Explore; Bulls’ eyes

Photosynthesis; Explosions

Laws; Equations

Experiment; Discovery


The children’s mind maps, in general, seem to confirm some assertions made in Introduction: Science in society. For example, perceptions of scientists seem to be of eccentric, unkempt and asocial characters, wearing white coats and mixing dangerous chemicals.

The student teacher appeared to centre on the aspired methodological path to truth, i.e. experiment, exploration, discovery and law.

Fig. A.3 illustates well the commonplace, one-sided impression of bacteria as harmful agents of disease.



A.ii The children’s thoughts about who scientists are and what they do

Generally, scientists were thought to do experiments to find things out that might help us, such as finding new medicines or making new kinds of pets (?!).

The most resonant association was with space. Scientists were known to send satellites into space, or become astronauts, to find out about planets. This was done partly just for the sake of it, but also to "find things harder than diamonds" and "to get water from the Moon."

Scientists make machines and computers to make money, so that people can be richer. They work in labs and make new kinds of food that you can send into space, such as ice-cream that never melts. They also make tablets for nourishment, so that you don’t have to spend time eating big meals, if you are in a hurry.
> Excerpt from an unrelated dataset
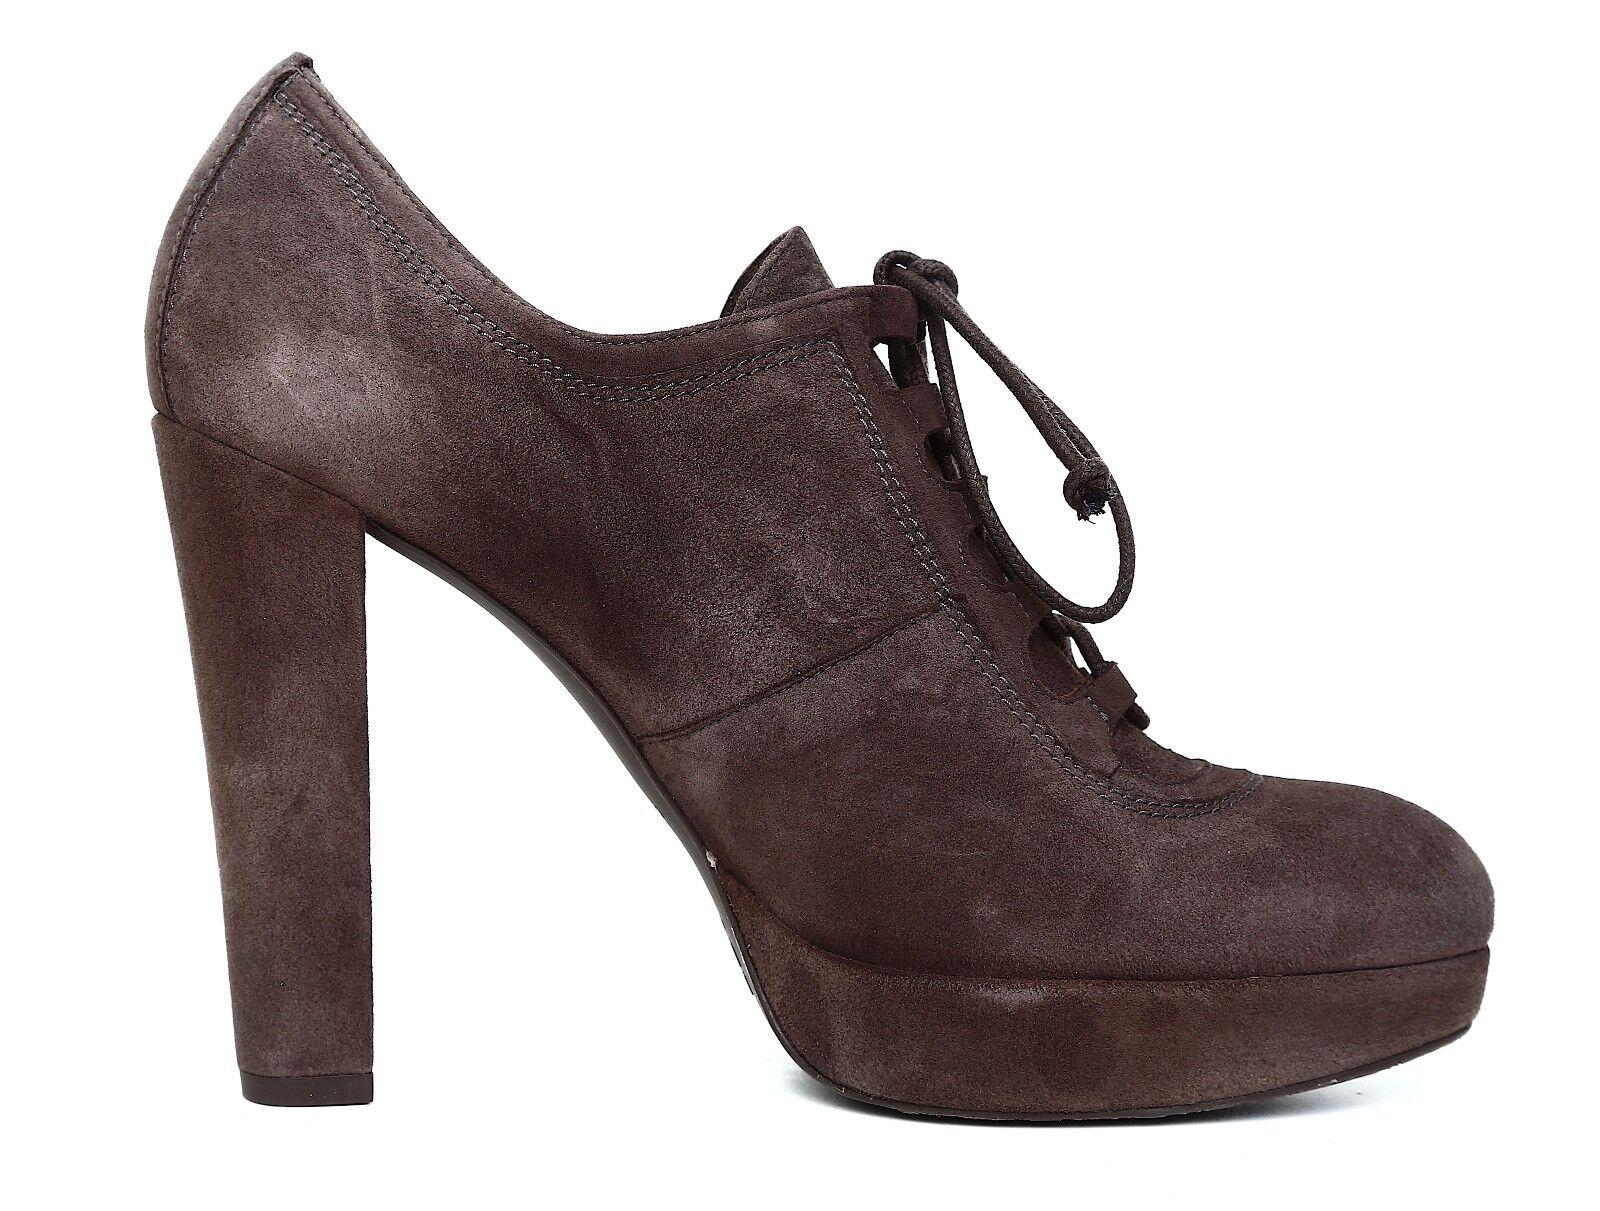 Stuart Weitzman Upstream Suede High Heel Heel Heel Londra femmes Sz 8 M 5919 f7f5c1
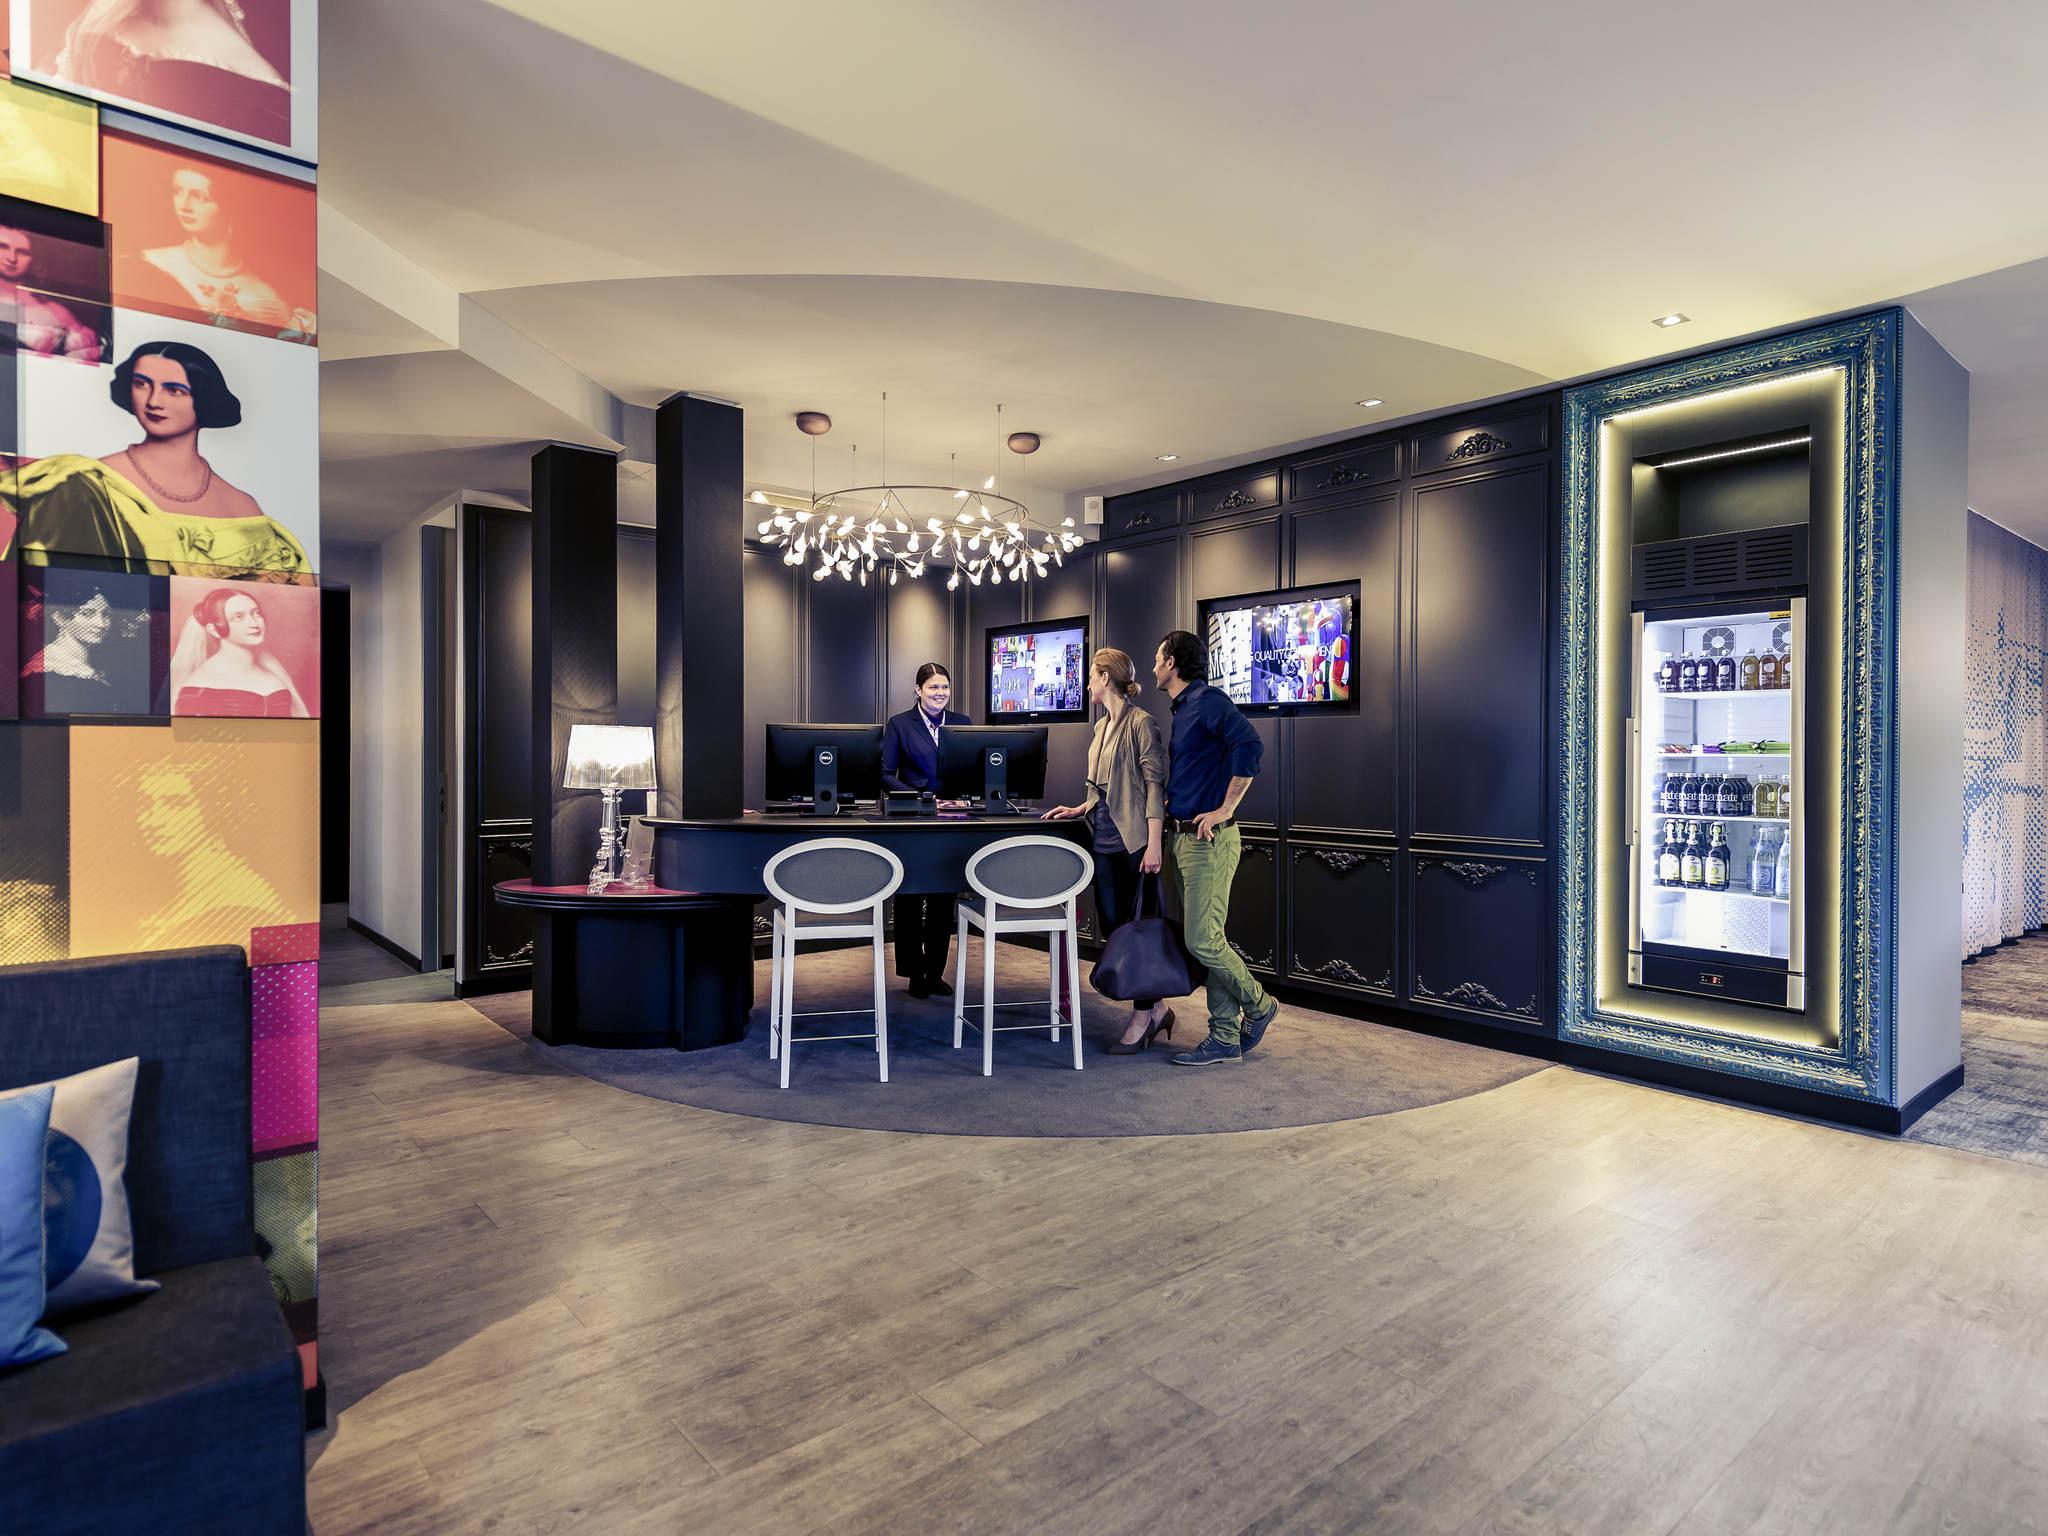 Otel – Mercure Hotel Muenchen am Olympiapark

These tablets can be made better than real food and give you lots of energy.

Generally, the children perceived scientists to be doing high-profile, state-of-the-art work, for the benefit of society. This "noble pioneer" perspective strikes a chord with the student teacher’s mind map that suggested exploration and discovery. Indeed, the association of "charity" with "scientist" by one of the children also fits this theme. However, the children’s mind maps tended to centre on scientists’ perceived oddity, rather than nobleness.